In modern graphics applications (=games) people do try to reduce CPU-GPU communication, but it is still done a lot and is frequently a bottleneck. Increasing GPGPU work means CPU and GPU code communicate in both directions. Making it slower than it already is doesn't make sense from performance engineering POV unless there are some dramatic advantages from the tradeoff.
> Increasing GPGPU work means CPU and GPU code communicate in both directions.

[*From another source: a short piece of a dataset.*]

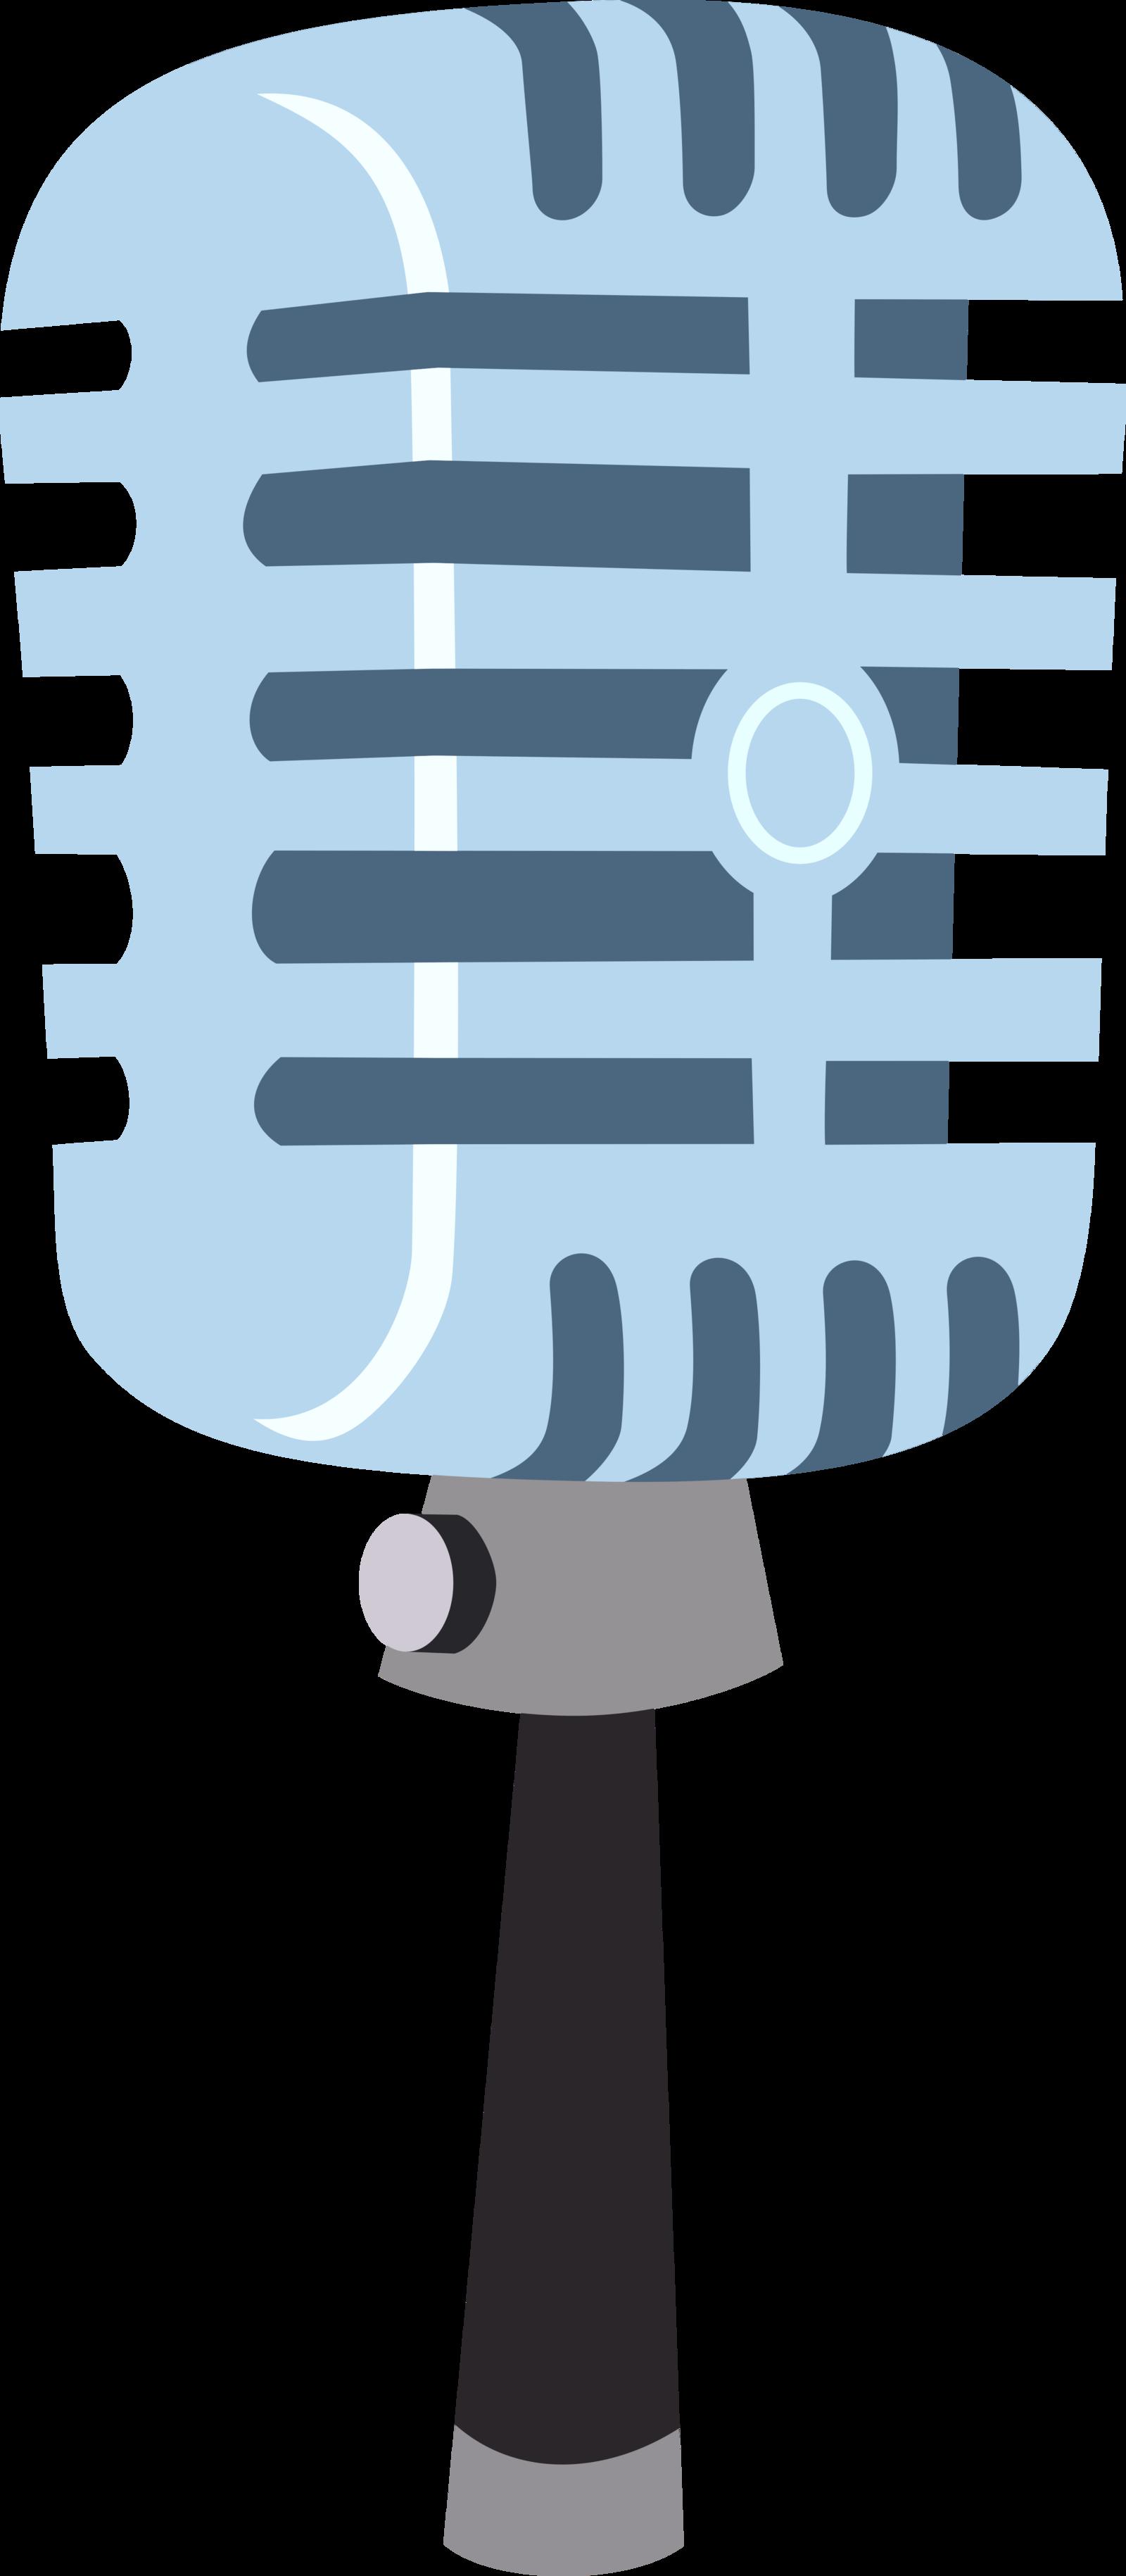 By millennialdan on deviantart. Microphone vector png

Only if you make the wrong abstractions. Using a shader based toolkit is not about increasing the GPGPU work but to use the GPU for things that it is intended to do namely drawing. And if you make the right abstractions you can severely reduce CPU-GPU communications. In fact a toolkit is exactly the perfect type of abstraction in that scenario. Most of the input is mouse and keyboard data and a bunch of drawing commands which means extremely low bandwidth, less CPU-GPU communication, more performance and faster applications. I'm not sure what you mean by "tradeoff". Look for example at the shaders of sahdertoy. For the most part the only data they receive from the CPU is a timestamp of the current frame and occasionally mouse and keyboard data which is in the worst case literally just a bunch of bytes per frame.
Shadertoy is pretty far removed from actual games. Both in tje problem domain and technological complexity, not to mention the time capsule of webgl.
I'm not sure what you mean by shader based toolkit. Anyway in games the GPU is not just for graphics anymore (since many years) and this naturally leads to tight coupling.